Experiment No. 3 evaluated the influence of filtration rate on the oil-extracting capability of the TGT model gas mixture and used a faster filtration rate (21 cm3/h) than in Expt. No. 2. An extraction coefficient of 93% was attained if a faster injection rate was used, i.e., the increased displacement rate allowed extraction coefficients corresponding to mixed displacement of oil by gas to be obtained. Mixed and limited-mixed displacement differed little at high reservoir temperatures because of low interfacial tension (IFT) and low oil viscosity, which explained the obtained result. Thus, oil was effectively displaced by interacting with the TGT gas mixture and APG. This provided a high degree of oil extraction from the field.

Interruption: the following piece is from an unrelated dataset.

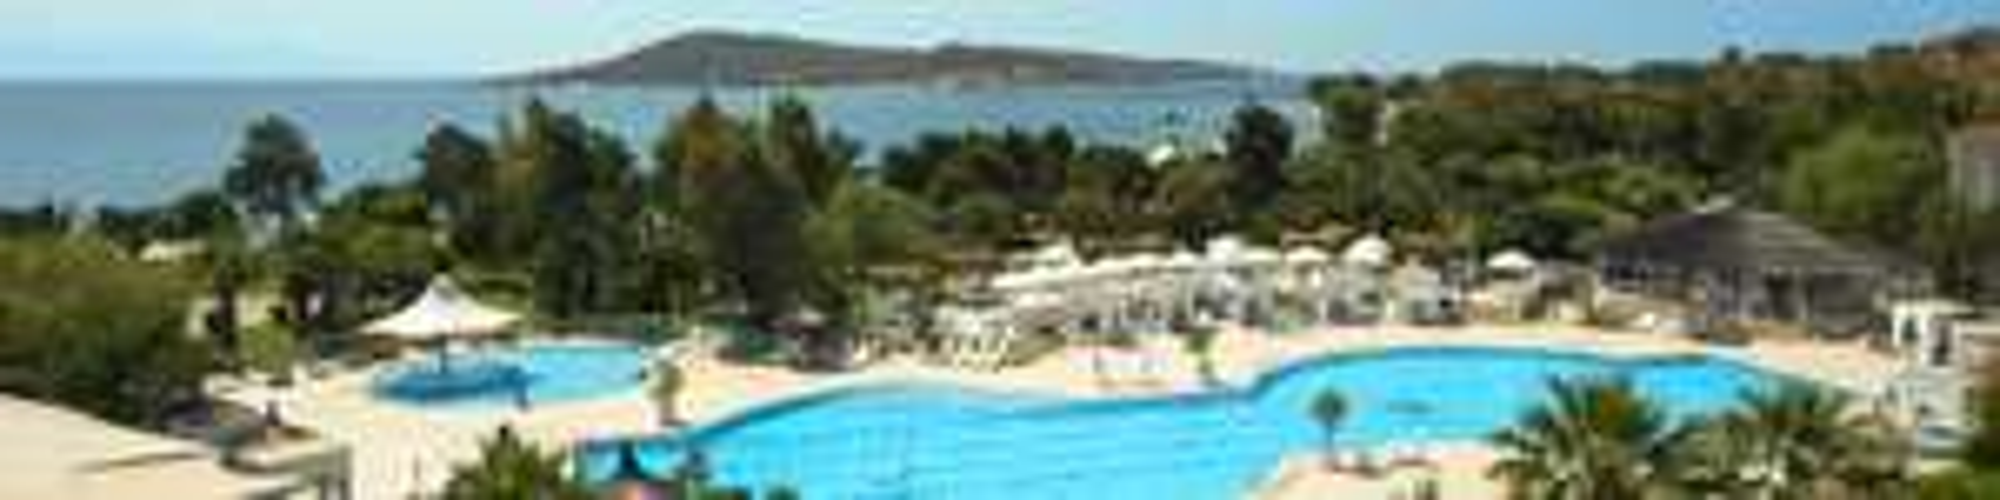 £50 off pp of Phokaia Beach Resort with Code @ Mark Warner Holidays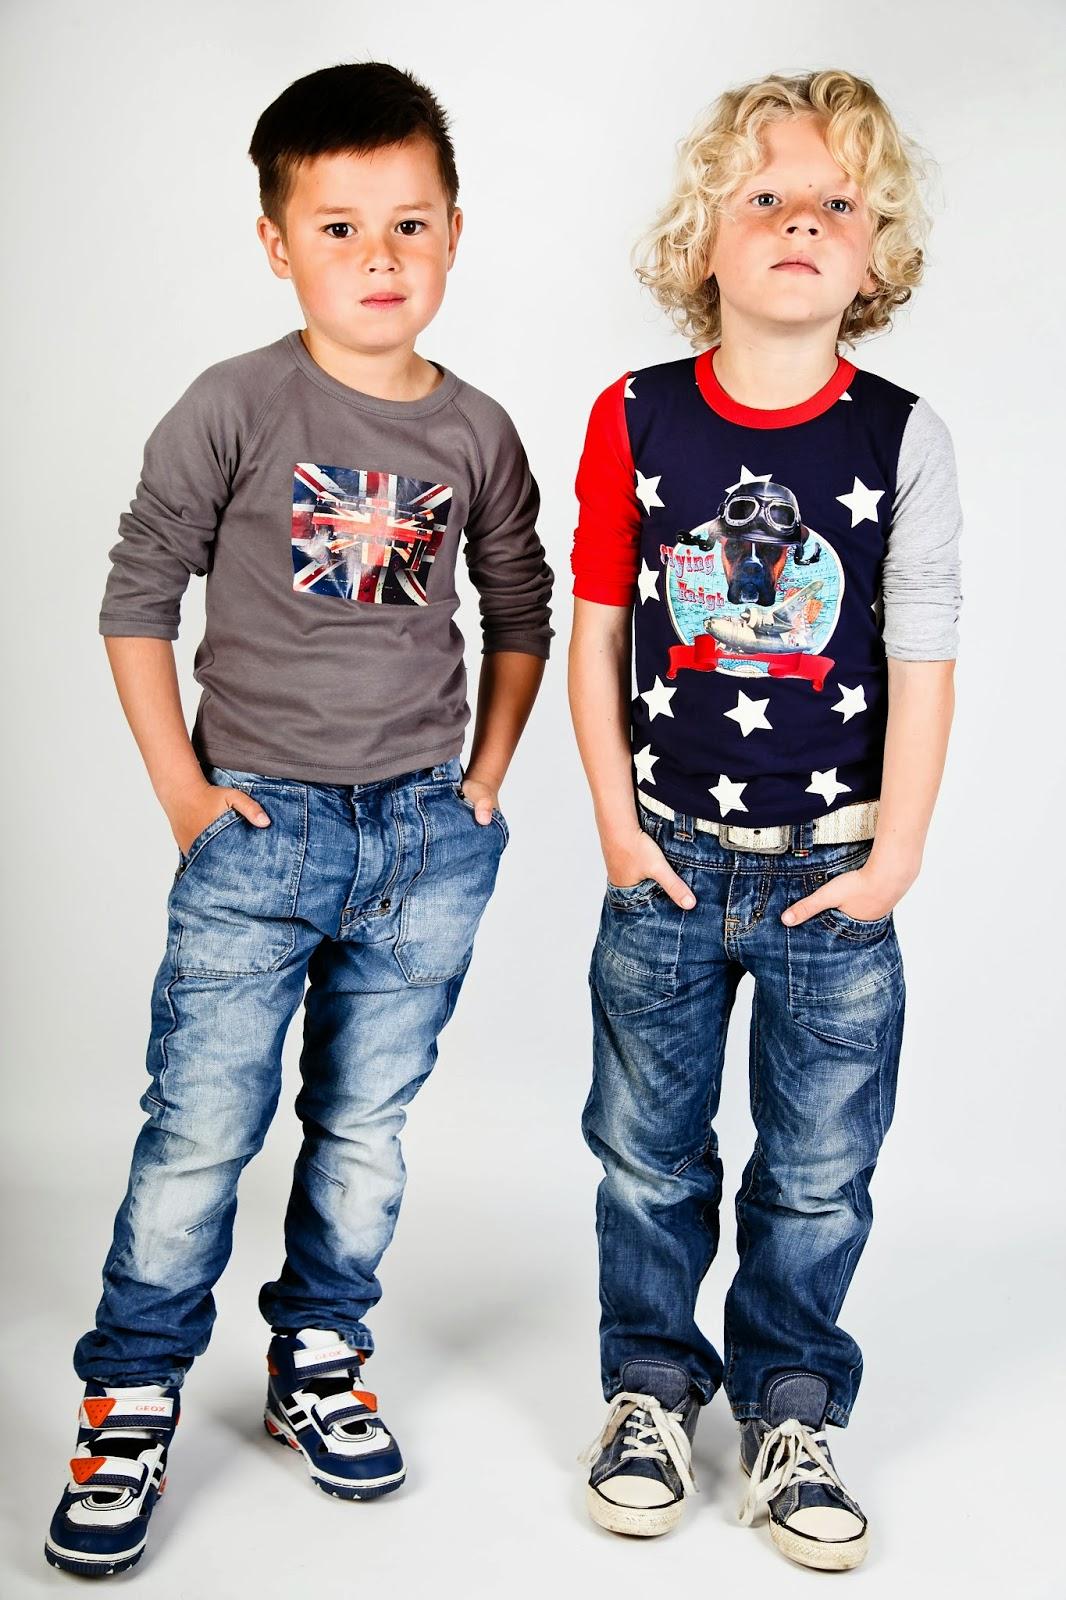 Coole Kinderkleding.Coole Kinderkleding Blog September 2013

Capillary forces must be suppressed, i.e., IFT must be reduced, for oil production from low-permeability reservoirs. The IFT decreases to zero if the miscibility of the gas and oil increases (in mixed displacement). The miscibility of the oil and gas could be increased if a slug of C3+ hydrocarbons was injected before the gas. A study of the influence of pretreatment with the PBF on the oil-extracting characteristics of methane (Table 3) showed that injecting a slug of the PBF could increase the miscibility from unmixed to mixed displacement for extraction of oil using PBF + methane. The mixture of light PBF-type hydrocarbons would be produced in the field because Tyumen suite oil usually has a high gas factor.

It is noteworthy that the TGT gas agent should be inert to rock. Its use to extract oil should not reduce the permeability of clayey rock, which could be observed for oil extraction by H2O.

Thus, the research found that:

  • the intrastratal transformation product of air was a highly efficient oil-extracting agent under the conditions of Jurassic reservoirs;

  • oils from different fields were oxidized at approximately equal rates, i.e., HPAI could be used at practically any light-oil field without additional research;

  • the induction period of the main oil autooxidation step was rather short for reservoir temperatures >60-70°C, which ensured safe performance of the process;

  • the miscibility of the gas could be increased to full miscibility with oil by injecting a PBF slug [or analogous broad fraction of light hydrocarbons (BFLH)];

  • a combination of horizontal drilling, MHFR, HPAI, and a BFLH slug was recommended for developing Tyumen suite oil reserves in order to increase the miscibility of the oil and gas agent.